__Activity__: A faithful copy of all the data is the goal; omit the pictures.

__Data shown__:
┄┄┄┄┄┄

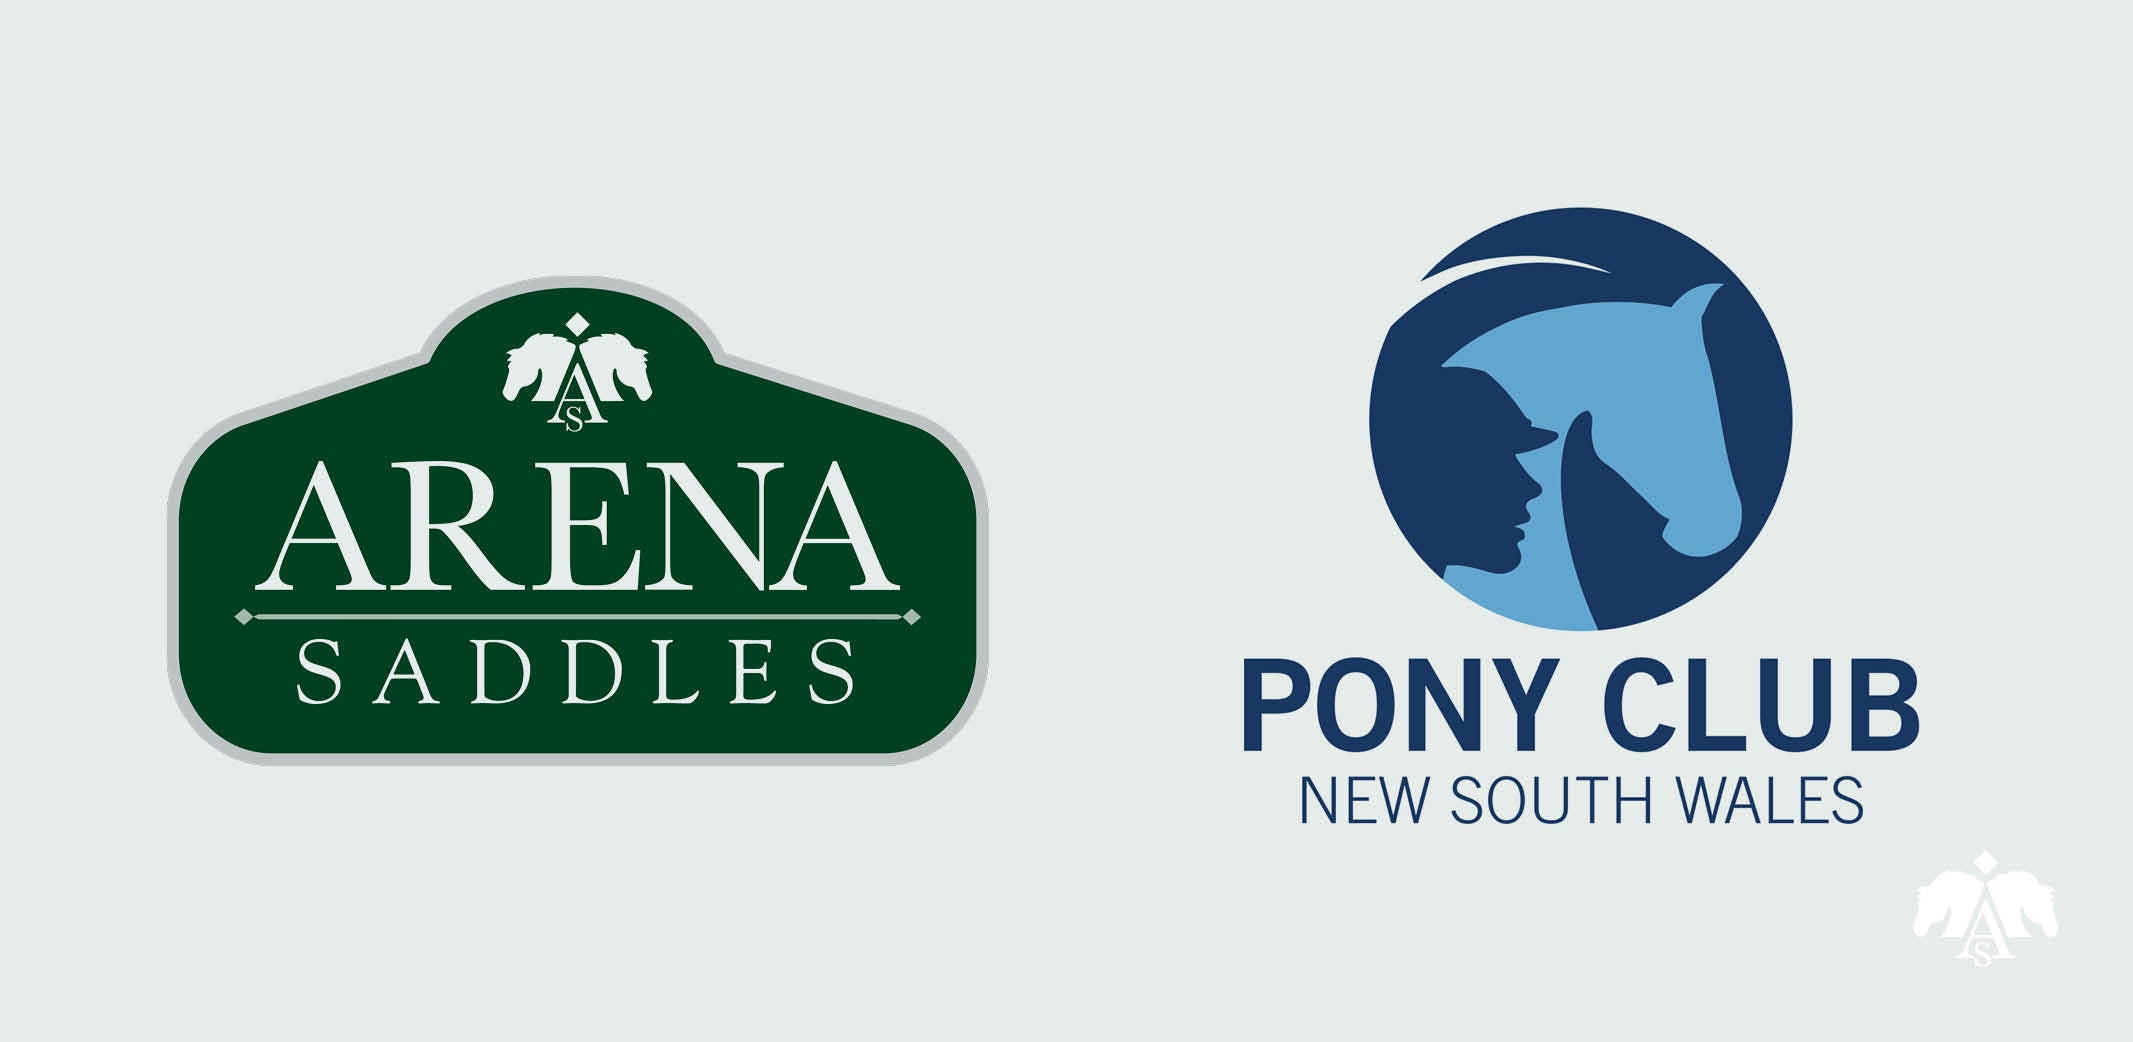 Partnership announcement: The Pony Club Association of NSW
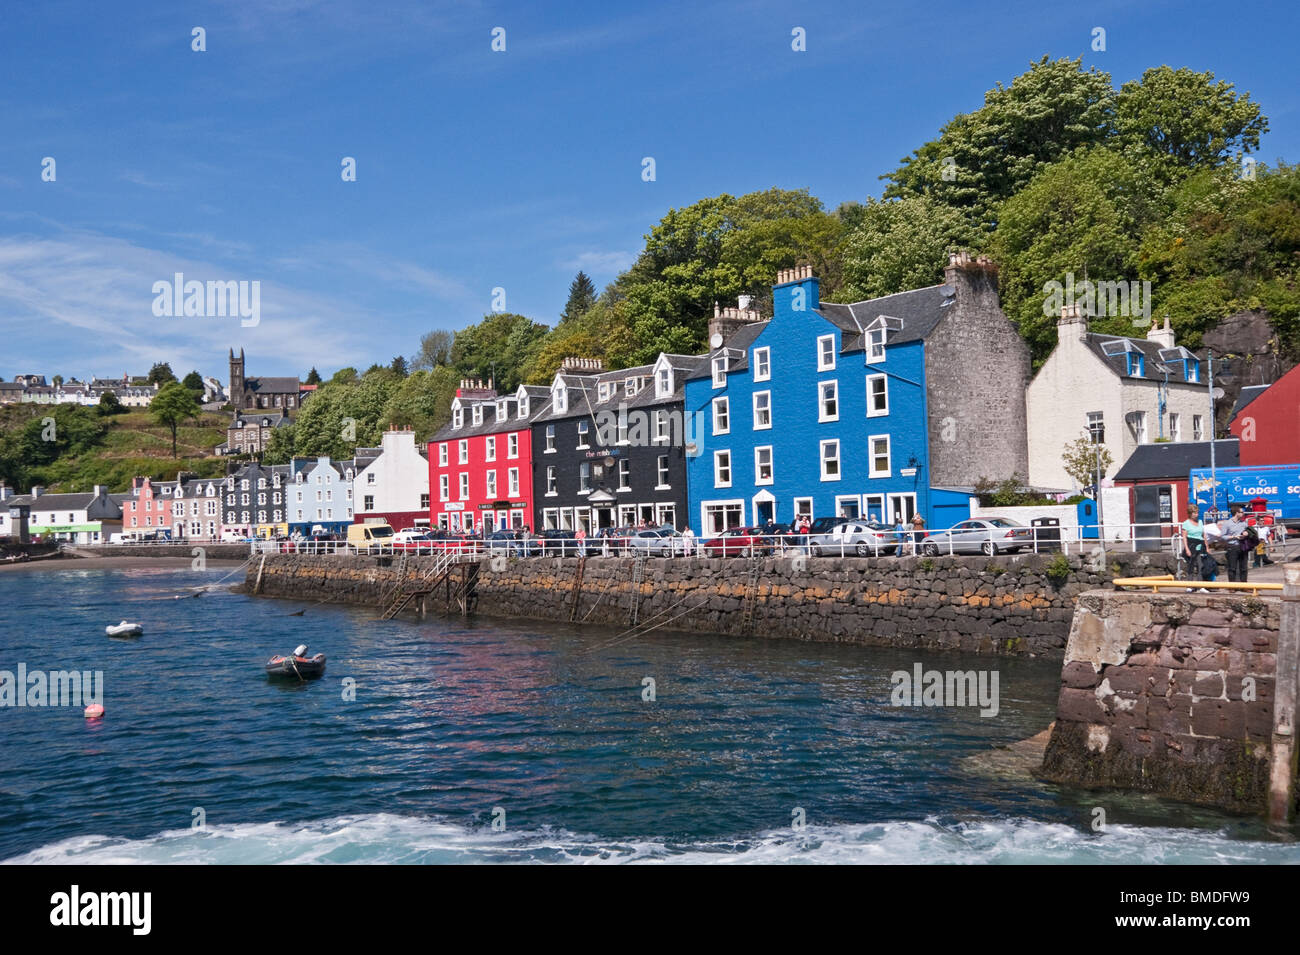 Sea frontage of the small town of Tobermory on the island of Mull in western Scotland Stock Photo
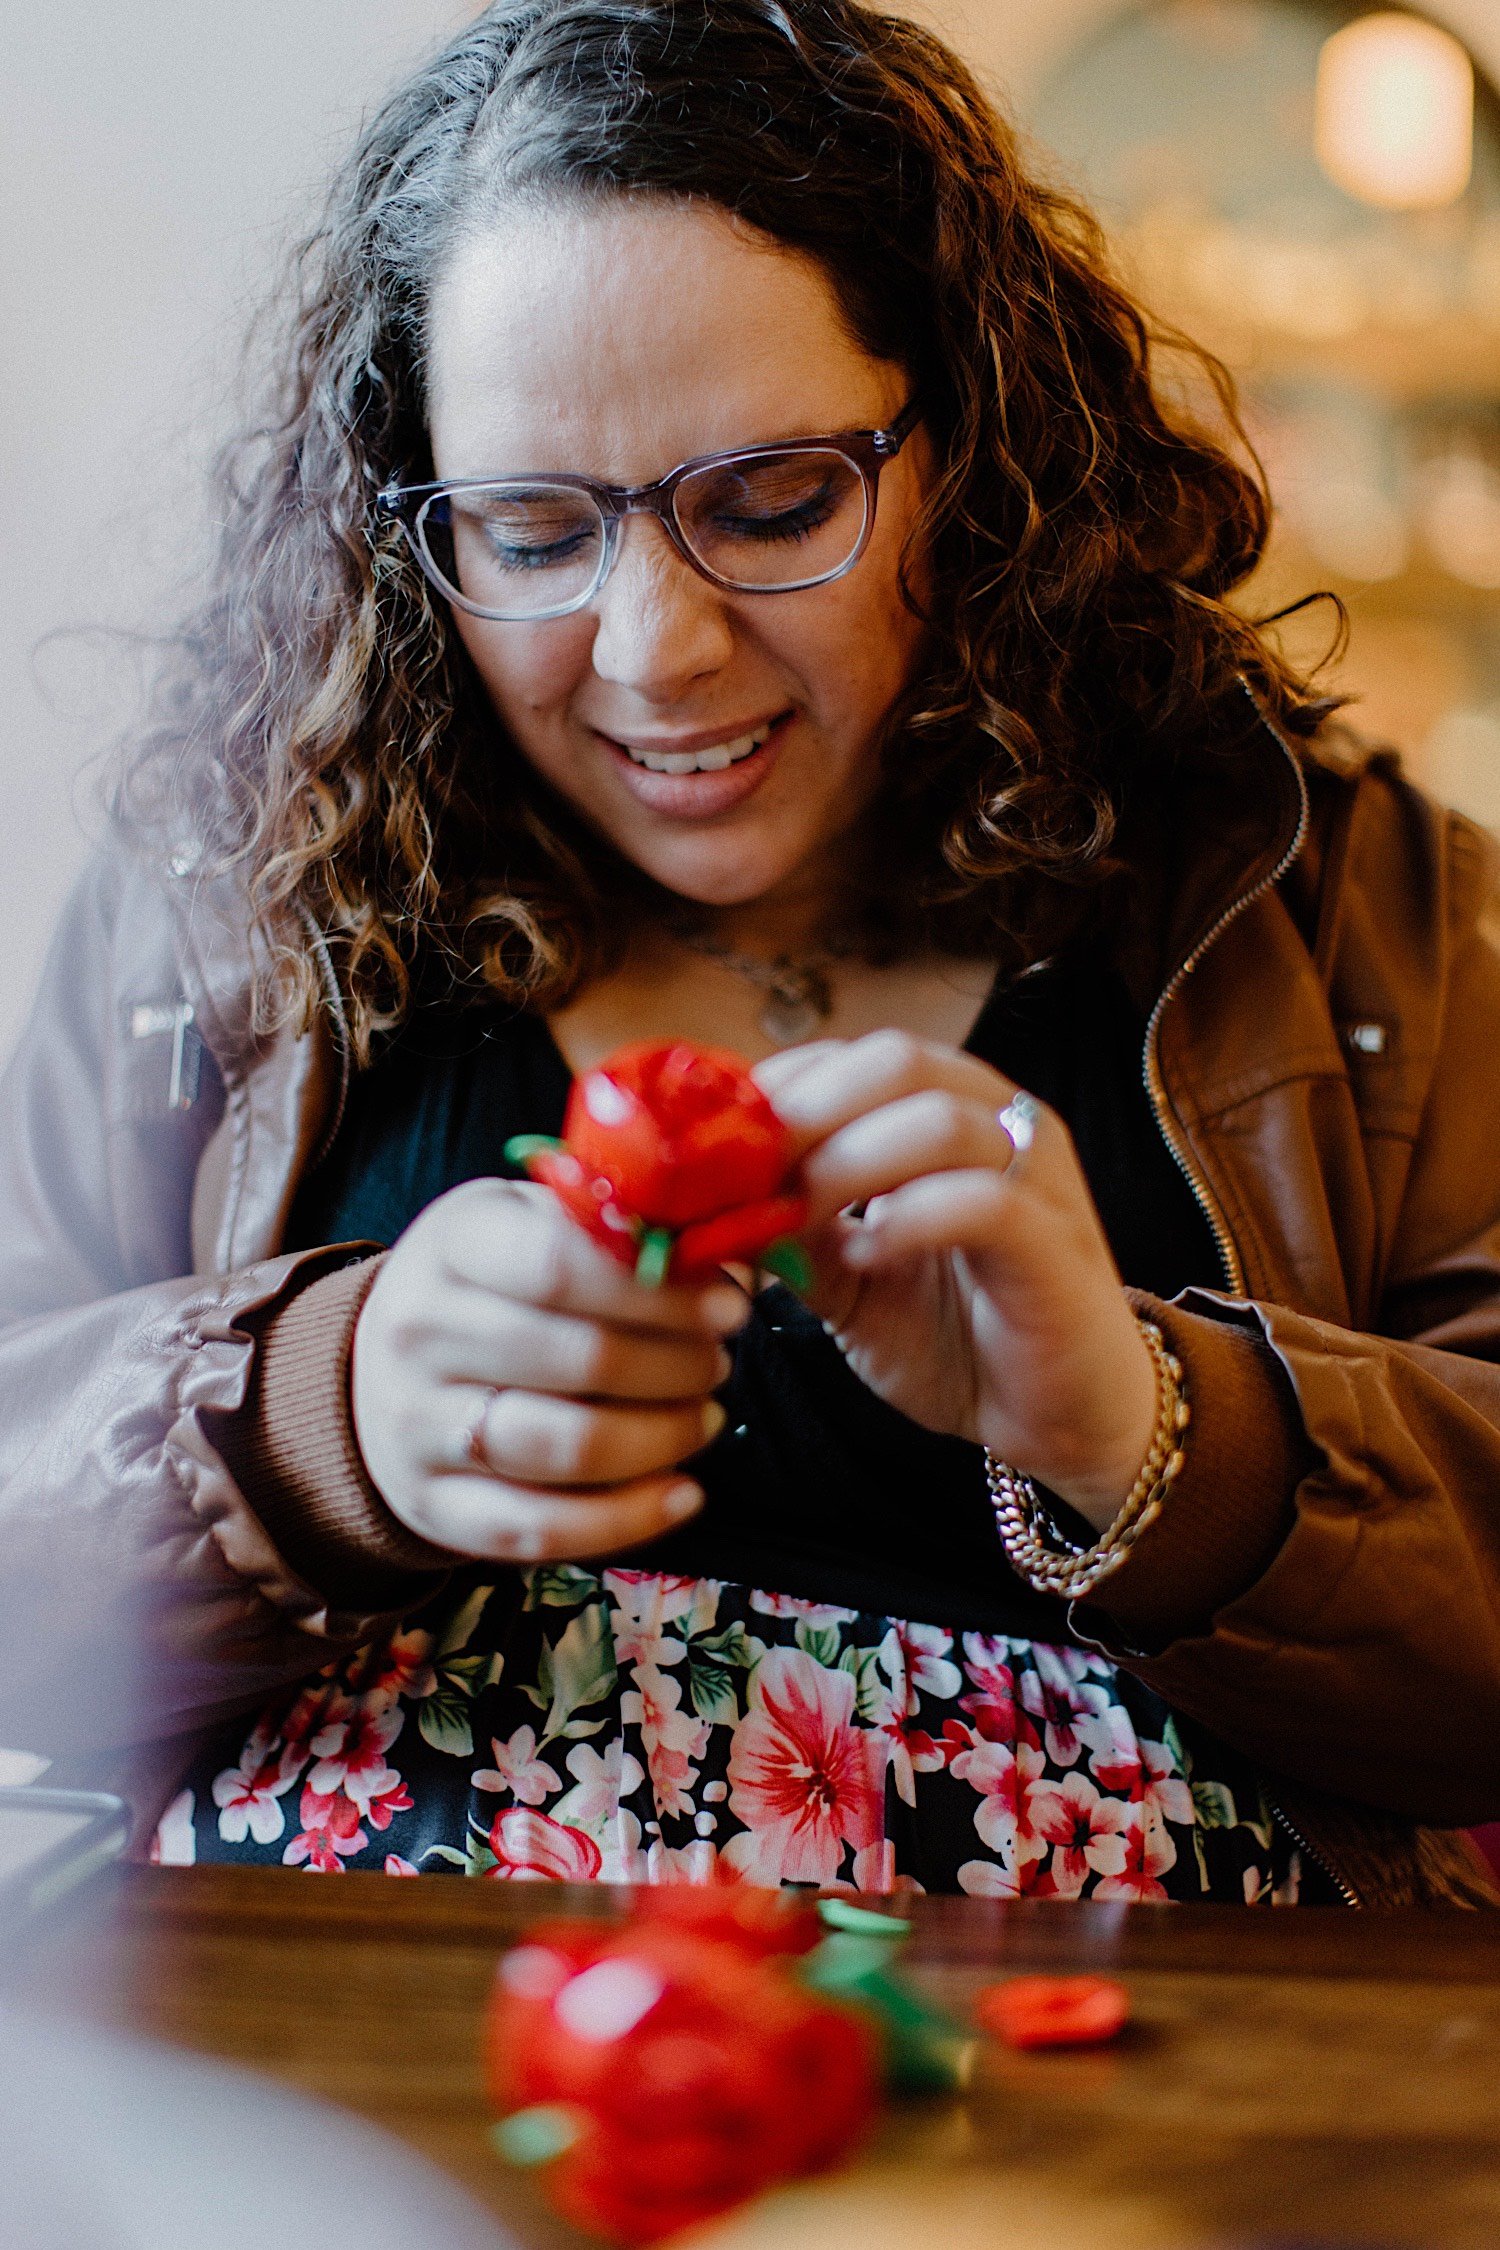 Woman putting a Lego rose together in a restaurant

┄┄┄┄┄┄

__Response__:
 Partnership announcement: The Pony Club Association of NSW
 Sea frontage of the small town of Tobermory on the island of Mull in western Scotland Stock Photo
 Woman putting a Lego rose together in a restaurant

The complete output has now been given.